The OTC guys don't like The Confessional Presbyterian. That's all I need to know. Seriously, these guys are a time sink and tar baby; making disciples twicefold children of hell etc; stay away.


----------



## LadyFlynt (May 6, 2006)

Okay, thank you...Hubby will be looking these over this weekend. He didn't have time earlier due to us being expected at a relative's. I had read an article from the site earlier and I was NOT pleased.

So, Fred...OTC is Bain's own personal site/grouping?


----------



## Pilgrim (May 6, 2006)

> _Originally posted by LadyFlynt_
> Okay, thank you...Hubby will be looking these over this weekend. He didn't have time earlier due to us being expected at a relative's. I had read an article from the site earlier and I was NOT pleased.
> 
> So, Fred...OTC is Bain's own personal site/grouping?

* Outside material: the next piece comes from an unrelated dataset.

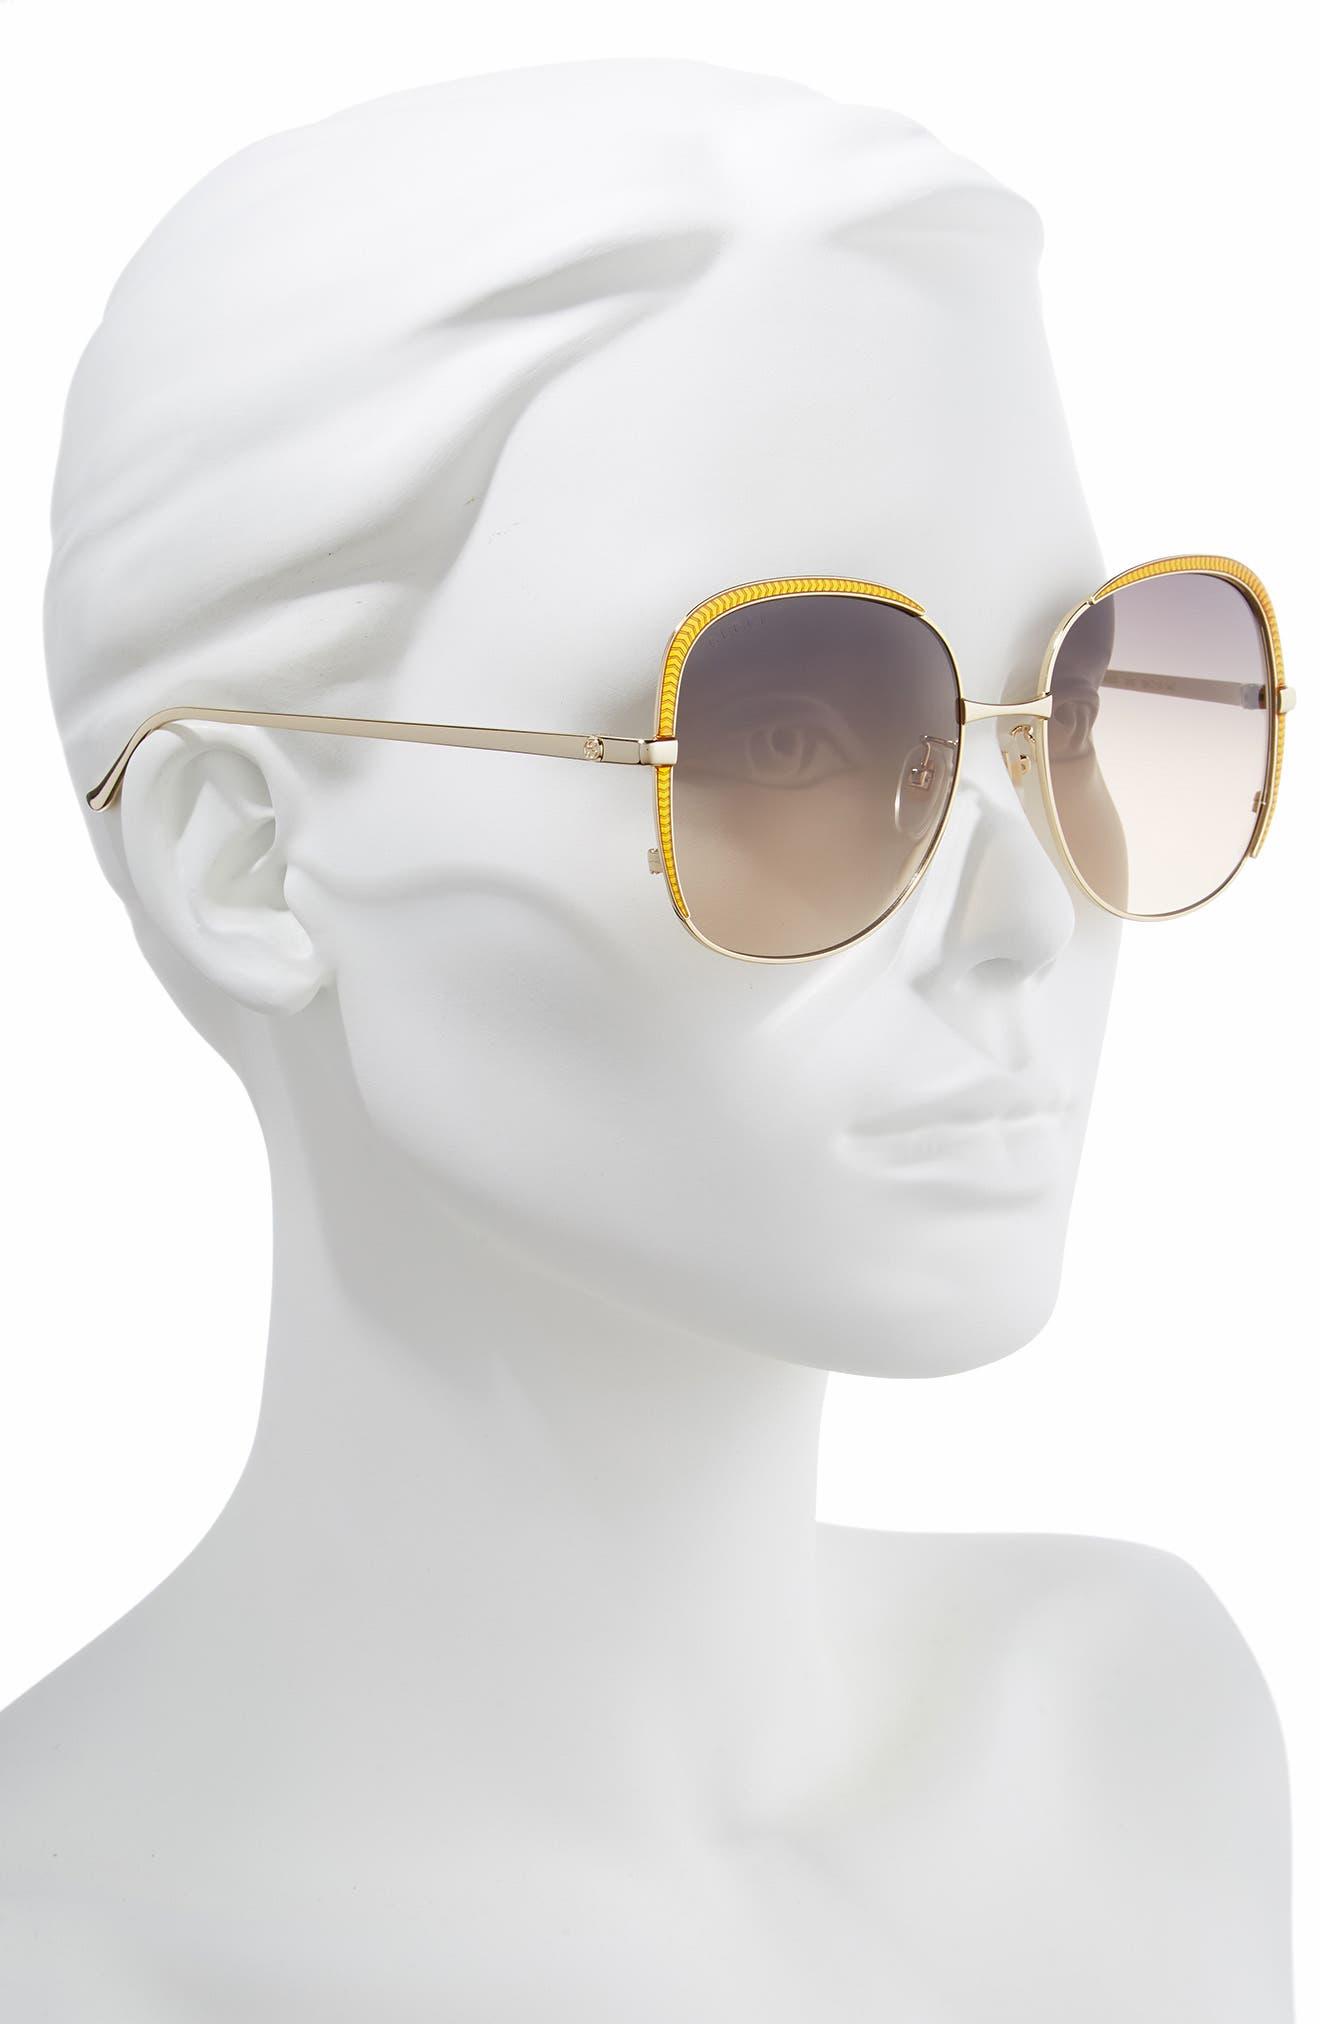 58mm Gradient Sunglasses,                             Alternate thumbnail 2, color,                             GOLD/ PINK/ GREY GRADIENT

If I'm not mistaken, Marc Carpenter is involved as well. 

Check out their Heterodoxy Hall of Shame, and that will give you an idea of where they stand: http://www.outsidethecamp.org/heterodoxyhall.htm

If I recall correctly, one of their arguments is that any Calvinist who thinks some Arminians are saved is lost.


----------



## turmeric (May 6, 2006)

Is the guy's name really Bane? Oops, Bain?


----------



## fivepointcalvinist (May 6, 2006)

if i remember correctly, james white had a few things to say about this group. you may want to check his website for some of his refutations against their assertions....


----------



## Pilgrim (May 7, 2006)

> _Originally posted by fredtgreco_
> I would not advise even speaking or writing to Mr. Bain.
> 
> He is a false teacher, and wicked. He routinely lies and deceives in order to gain entrance to various internet fora. My advice would be to ban him and not allow him even the slightest opening for his filth.

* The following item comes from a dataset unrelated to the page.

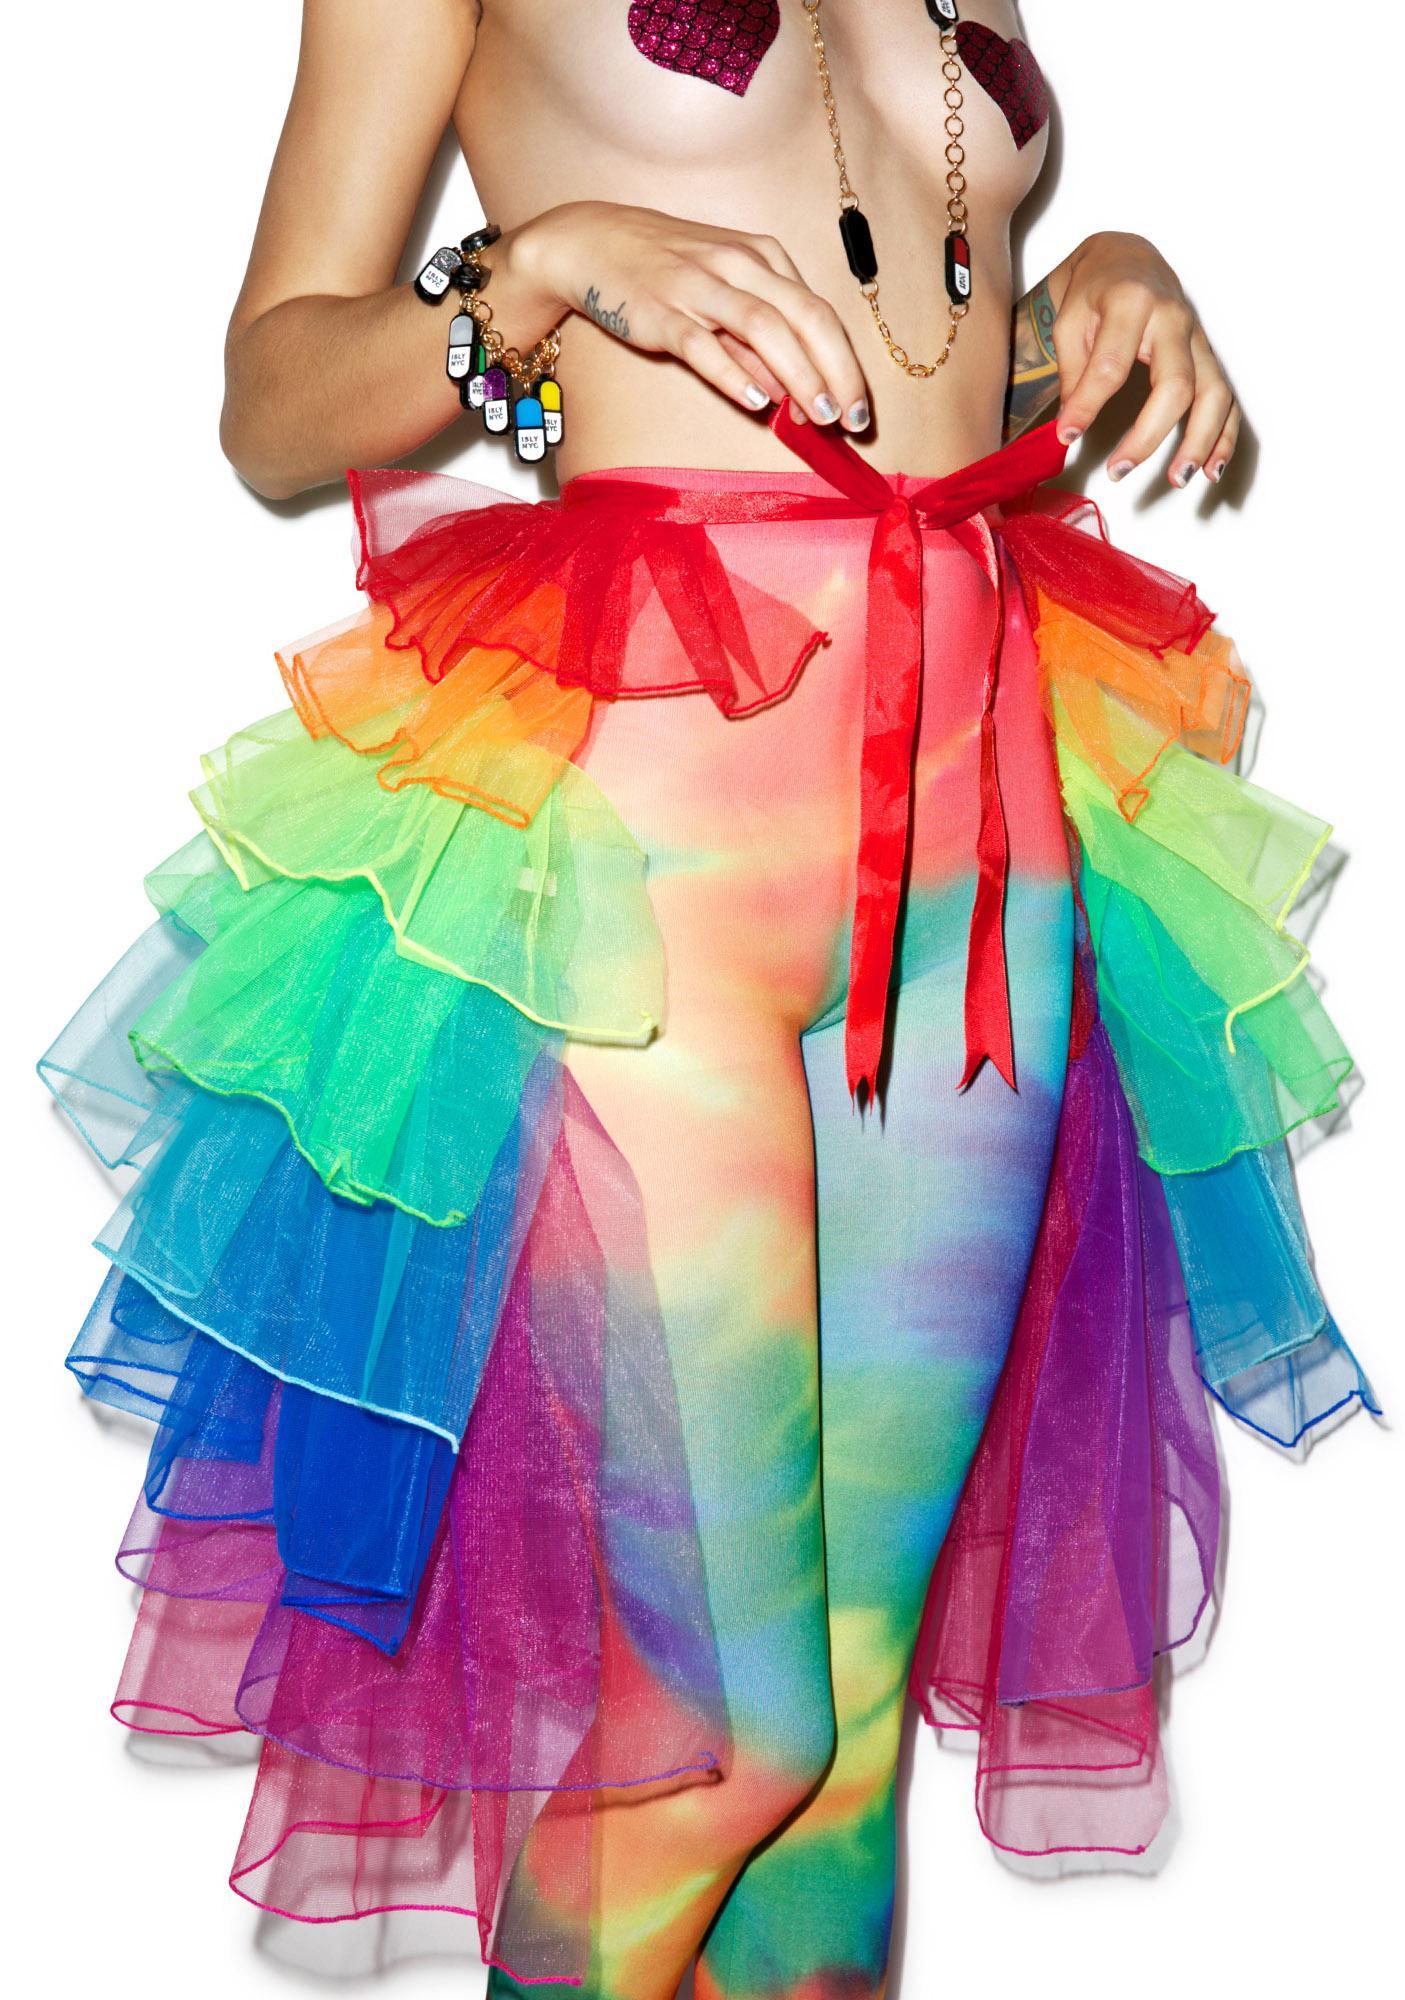 1405x2000 Follow The Rainbow Bustle Dolls Kill

 Another trick of his has been mining the addresses from various groups and spamming the members directly.


----------



## Pilgrim (May 7, 2006)

> _Originally posted by fivepointcalvinist_
> if i remember correctly, james white had a few things to say about this group. you may want to check his website for some of his refutations against their assertions....



See here, here, here and here


----------



## Ivan (May 7, 2006)

> _Originally posted by Pilgrim_
> 
> 
> > _Originally posted by fredtgreco_
> ...



He emailed me. As I recall I put into spam mode and haven't gotten anything from him since.


----------



## BlackCalvinist (May 8, 2006)

Both Bain and Carpenter have been through my AACL list. I've kicked both off because of their beligerence. Their posts are still available in the archives at http://groups.yahoo.com/group/AACL .

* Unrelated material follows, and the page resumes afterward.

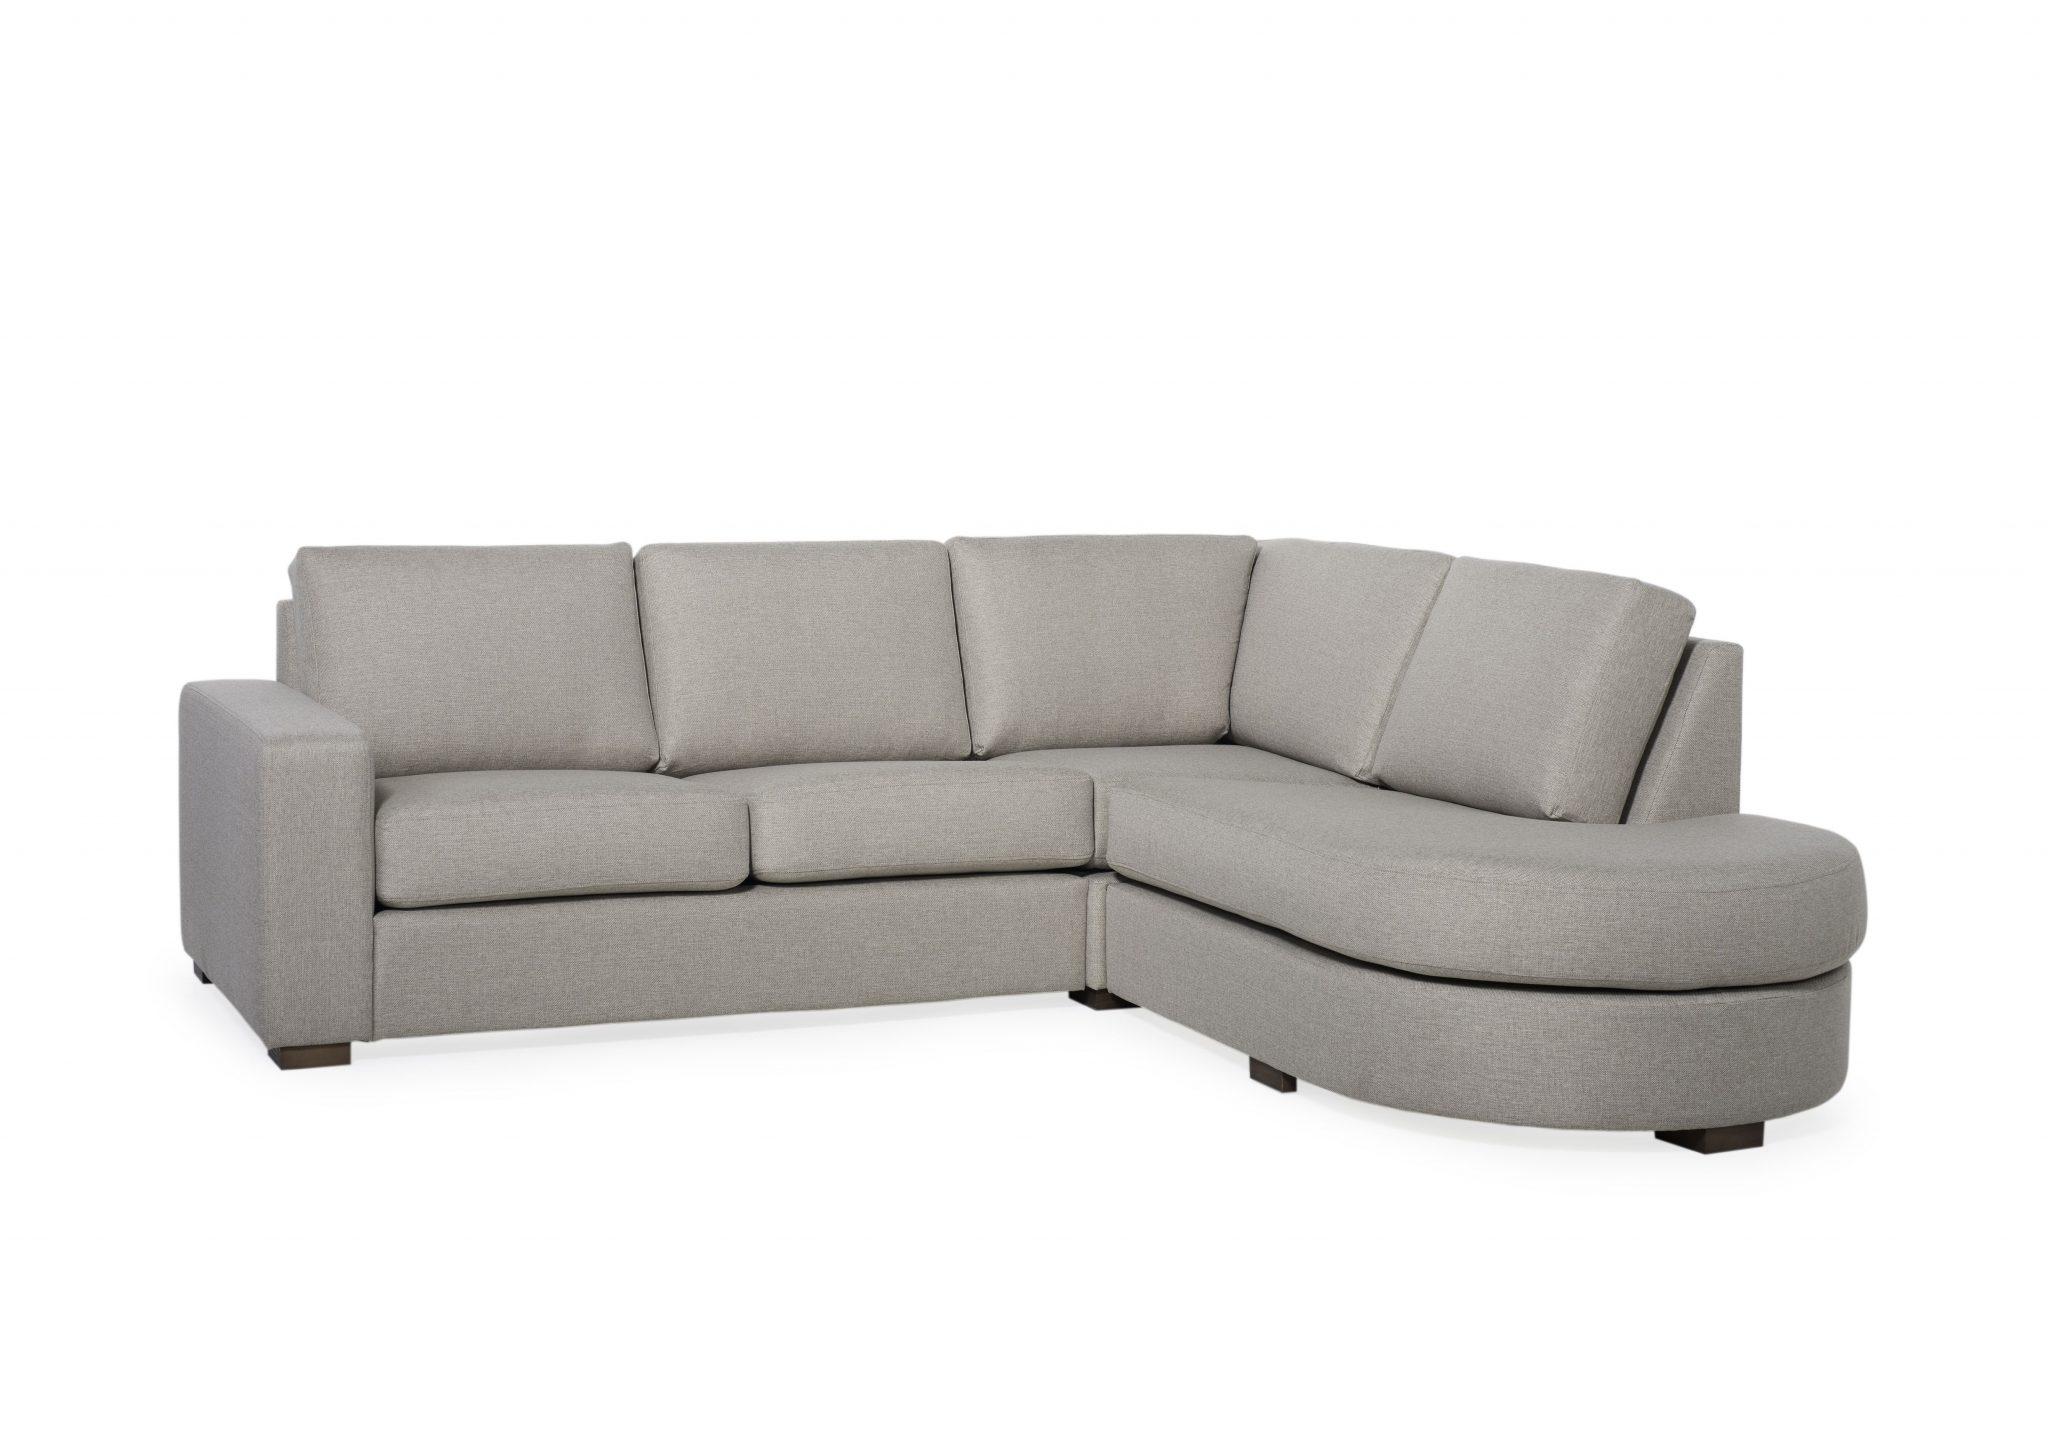 Modern Living Room Sofa Lamp Scandinavian Interior Design Furniture ...

Yes, they believe that anyone who does not hold to Limited Atonement is lost and if you do hold to limited atonement but believe that those who don't can still be saved, you're lost.

Nutjobs. Don't even waste time interacting with them to say 'HI'. Run the other way and give them NO outlet to speak.


----------



## LadyFlynt (May 8, 2006)

Hubby has come to the same conclusion...the leaven is not worth the rest. Thank you, gentlemen...he appreciated the responses (and the quotes!).


----------



## ServantOfKing (Jun 2, 2006)

I was instant messaged - rather unknowingly - by Mr. Bain. The conversation was disturbing to say the least, and as soon as I caught on to where it was going, I ended it. I don't mean to sound unkind, but it was kind of scary. It sounded like Satanic lies, and worse because of being mixed with truth. The screenname is "Andrew C Bain 99." If this person instant messages you, I'd suggest not even bothering to converse. I was naive and unwise enough to waste my time, and I hope noone else falls into the same trap. Be careful of false teachers who claim to be reformed!!!


----------



## Magma2 (Jun 2, 2006)

> _Originally posted by LadyFlynt_
> 
> 2) Hubby has Andrew Bain subbed to his blog (I remember us banning him) and so hubby is looking at the OTC site. Some of their stuff sounds legit...but he is wondering where they vere off and how.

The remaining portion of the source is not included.